Epicuro consideraba que había que comenzar por cambiar nuestras relaciones con nosotros mismos, el mundo y nuestra vida antes de pensar en reformar la sociedad. Pero, sobre todo, para Epicuro la filosofía de sus predecesores había descuidado una parte fundamental de toda posible felicidad y también de toda sabiduría auténtica, y esa parte es el cuerpo humano, habitación de nuestra mente.
Epicuro también creía que para ser feliz y crear felicidad la mente necesita estar libre de miedos y angustias, puesto que una mente atemorizada solo puede ser infeliz y, por eso mismo, creadora de más infelicidad. Miedo y temores son principios destructores del placer que le debemos a la existencia por el mero hecho de estar vivos, y socavan la natural alegría de vivir que debería inundar nuestros días. Son esos grandes enemigos de la vida los que, a lo largo de la historia, la han falsificado hasta reducirla a triste y limitada supervivencia.

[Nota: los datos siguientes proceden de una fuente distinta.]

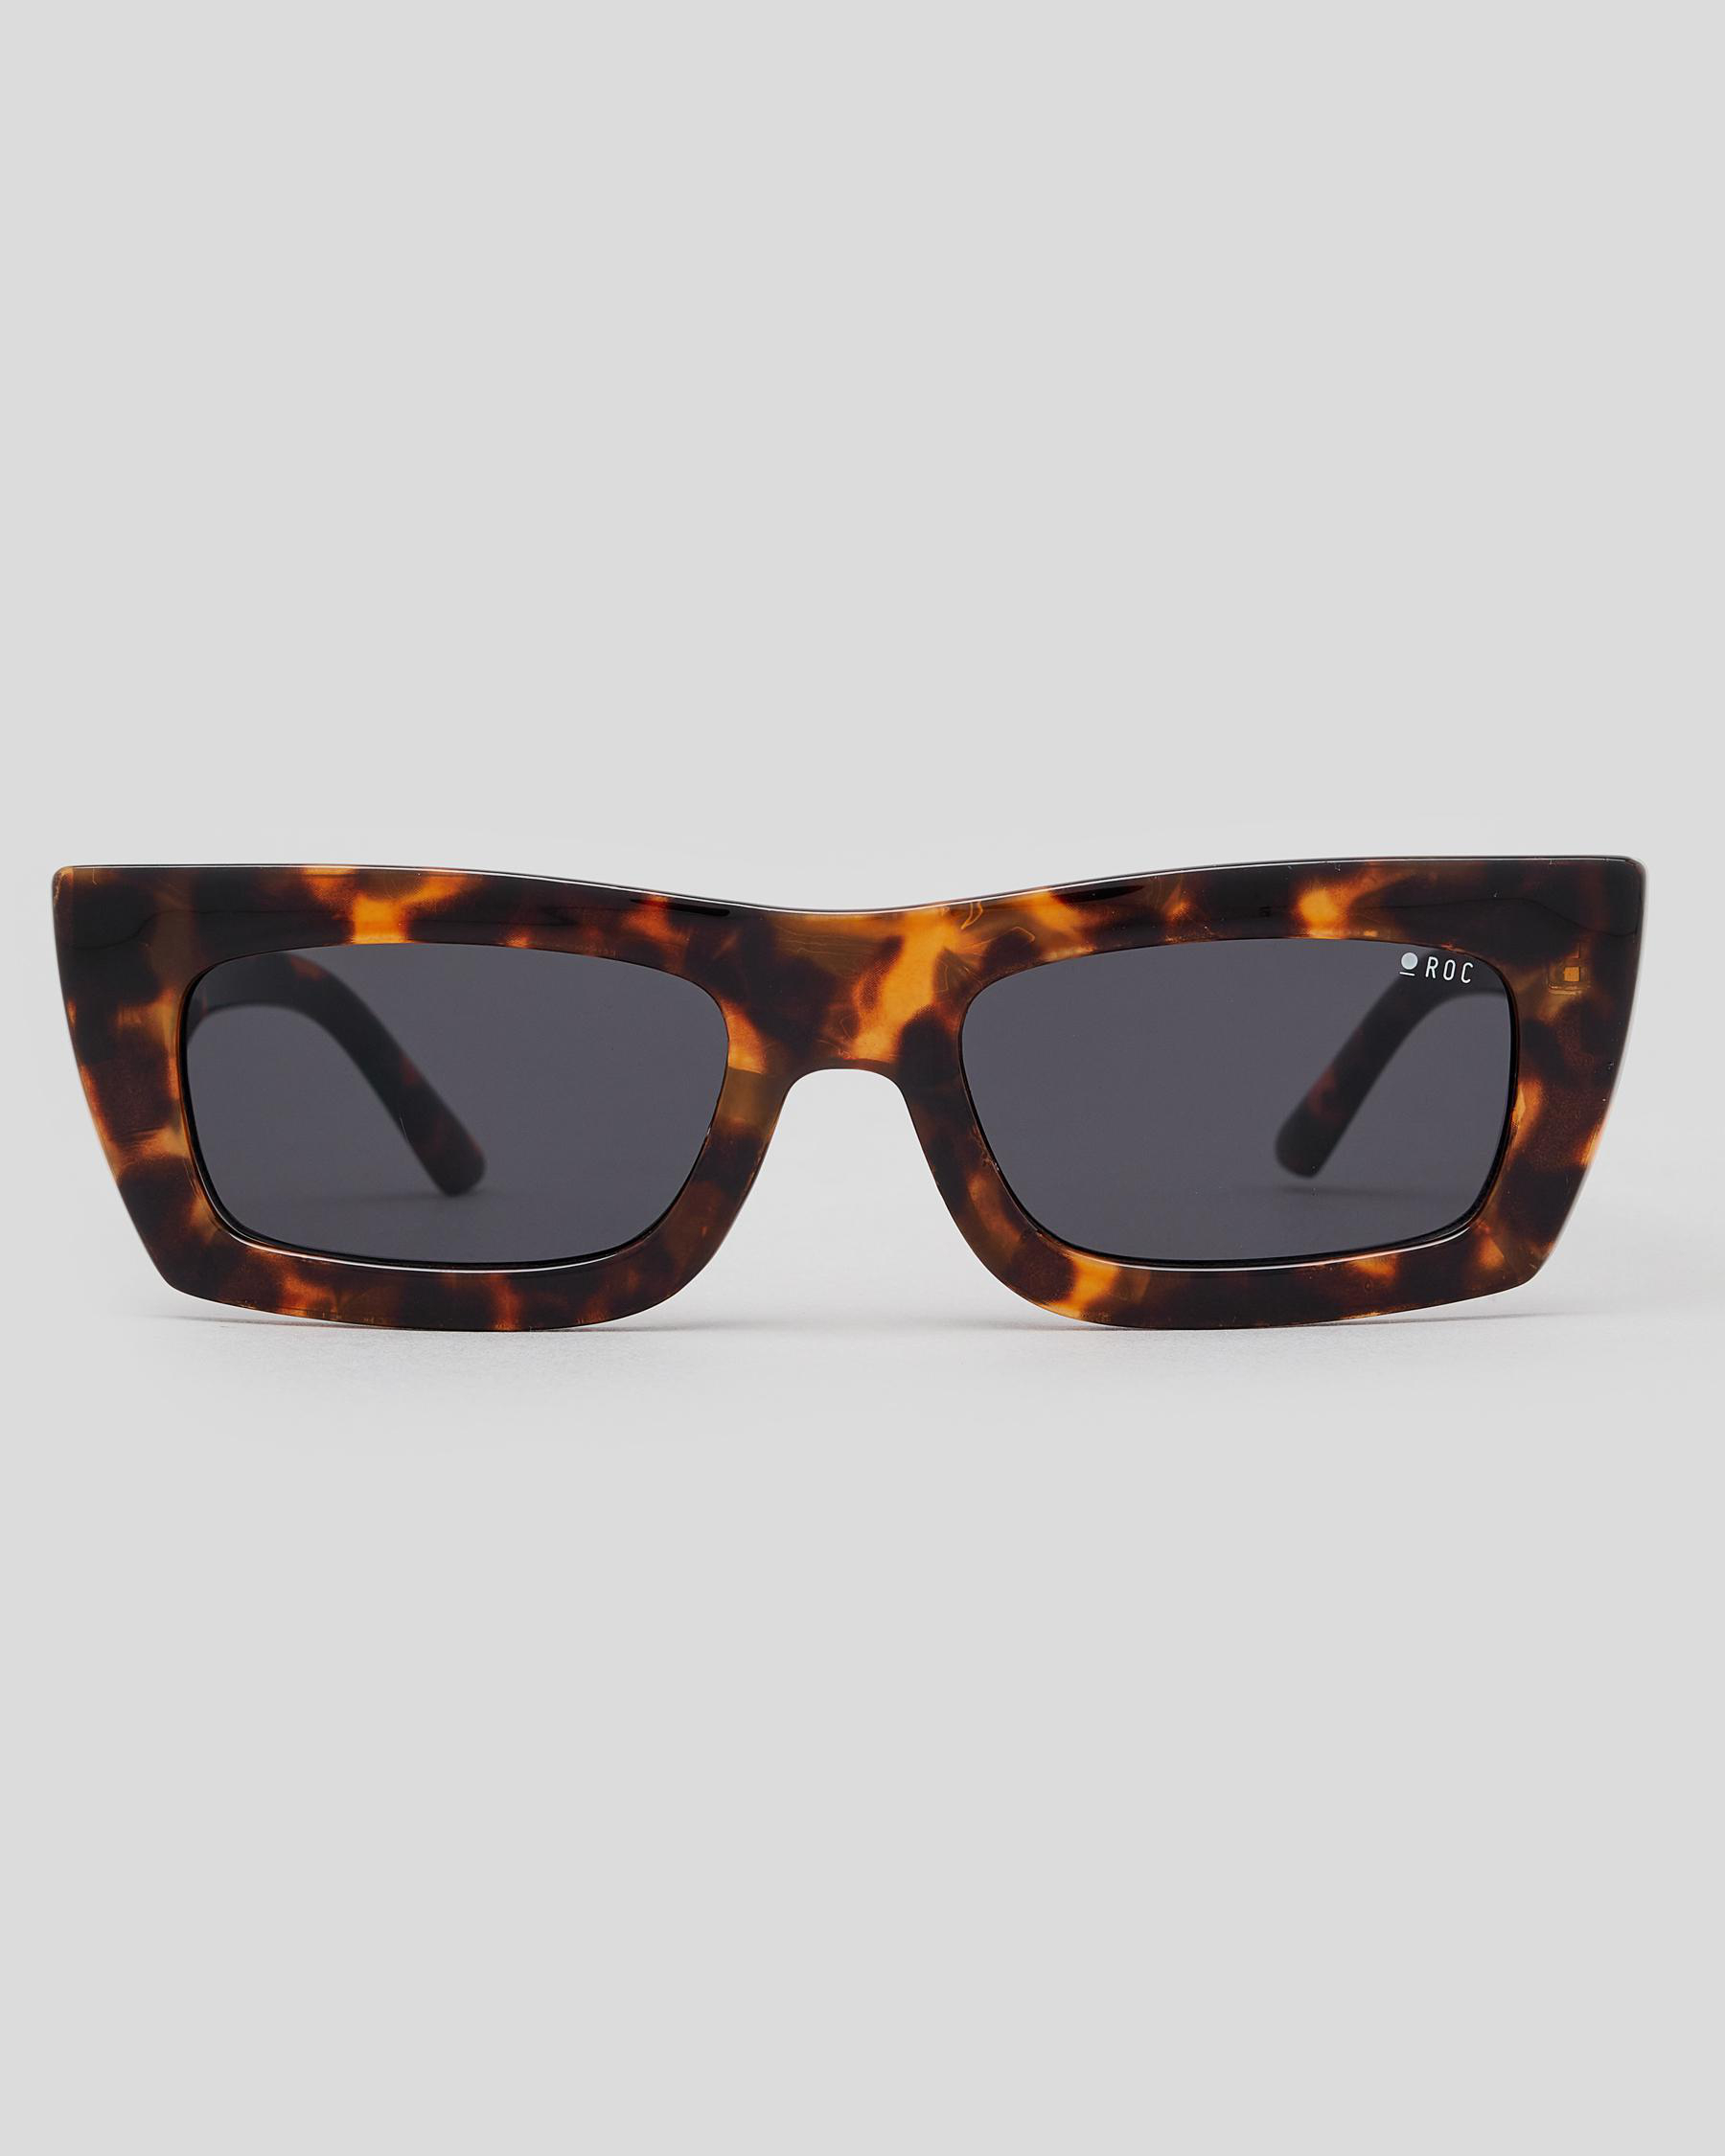 ROC Eyewear Girl Boss Sunglasses In Tortoiseshell - FREE* Shipping ...

Dice uno de los fragmentos conservados de Epicuro: «Feliz tú que huyes, a velas desplegadas, de toda clase de paideia, de educación». Para mí la interpretación es bastante clara: una educación que nos esclaviza con el miedo, como la que hasta hoy seguimos recibiendo, está en franca contradicción con su misión primera, que no es otra que la de liberarnos de los temores que limitan nuestro goce de existir y ponen trabas a nuestro pensar.
La filosofía como modo de ser y de vivir Antes de estar encerrada, como ahora, en las aulas, en las bibliotecas y en las universidades, la filosofía fue la posibilidad de construir, en la vida real, en la sociedad, en las calles, en el mundo, una existencia más auténtica. Como estudiantes, como jóvenes o, en general, como seres del tercer milenio, fácilmente ese hecho nos puede ser desconocido, o nos puede parecer lejano, casi mitológico. Por eso he querido recordar en este espacio a un pensador que enseñó la filosofía al aire libre, entre los árboles, bajo el sol o la luna y con los pies sobre la fértil tierra. Y, sobre todo, que logró que la filosofía le interesara a todo el mundo, que fuera importante para todos, en vez de ser exclusividad de unos pocos especialistas que nos dedicamos a ella como parte de una especialidad o de una carrera académica. Por eso, para mí el legado más valioso de Epicuro, la gran lección que nos dejó, es que cambiar aquello que nos aleja de la felicidad no es tarea de un mesías, un partido político, un gobierno, un dios, una ideología o un truco de magia, sino de cada uno de nosotros.